それをヒントに自分でモバイルハウスを作る。ベニヤ板だけで作った三畳間だけの小さな家だが、リヤカーの車輪がついているのがミソで、これだけで車両扱いになる。建築基準法上の「家」ではないから固定資産税はかからないし、建てるのに免許もいらない。
初期投資に2万~3万円はかかるが家賃はゼロ。井戸水を使い、自家発電を行なえば、水道光熱費もゼロだ。
使われていない土地を無償で借りてモバイルハウスを並べ、0円で泊まれる避難場所を用意し、福島の子どもたちや東日本からの避難者を受け入れている。

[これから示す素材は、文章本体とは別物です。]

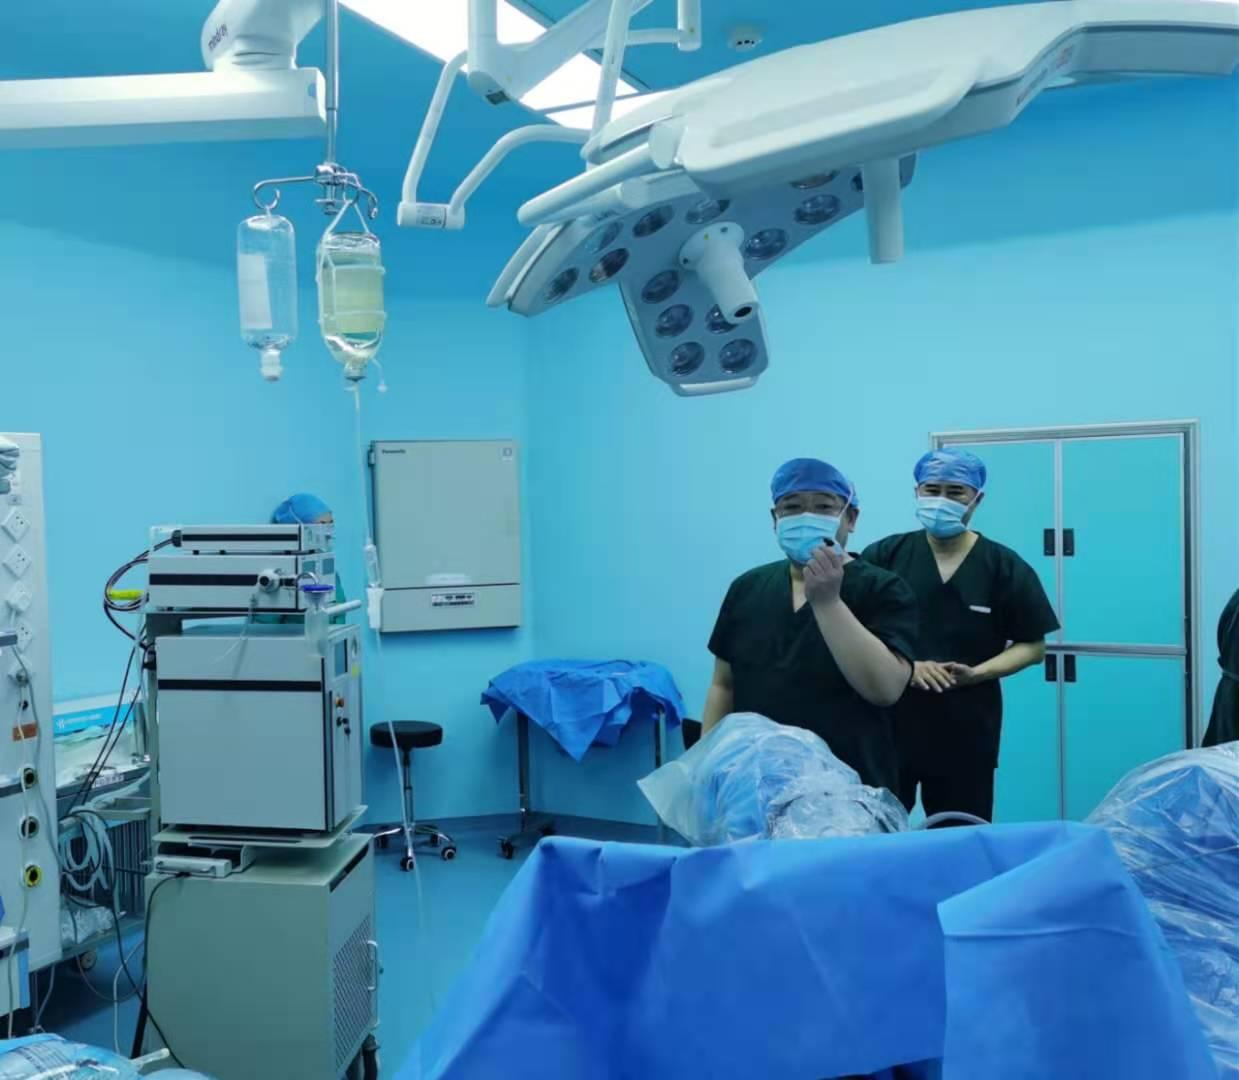 """沈阳市卫生健康系统""""人才建设年、科技创新年、基层提升年""""建设成果之沈阳市红十字会医院工作纪实"""

坂口はツイッターのフォロワーを新政府の国民と定義していて、現時点で3万2000人超の国民がいる。東京ミッドタウンにあるフリースペースの使用権を無償で譲り受け、そこを国会議事堂にするという。
妻と4歳の子どもを持ち、収入は原稿料とドローイング(絵)の販売、それにカンパ。
坂口は『独立国家のつくりかた』(講談社現代新書)でこういっている。
「35年ローンをほとんど強要するような労働環境は、まるで奴隷制度である。その土地に縛られ、身動きが取れなくなる。それでも働かないと借金を返せない。死の灰がどれだけ積もっているとわかっていても、生活費、ローンを返すためには仕事をやめることができない。そんな馬鹿な話があるだろうか。生きるという行為を勘違いしている」
おもしろい発想をする、実に痛快な若者が出てきたものだ。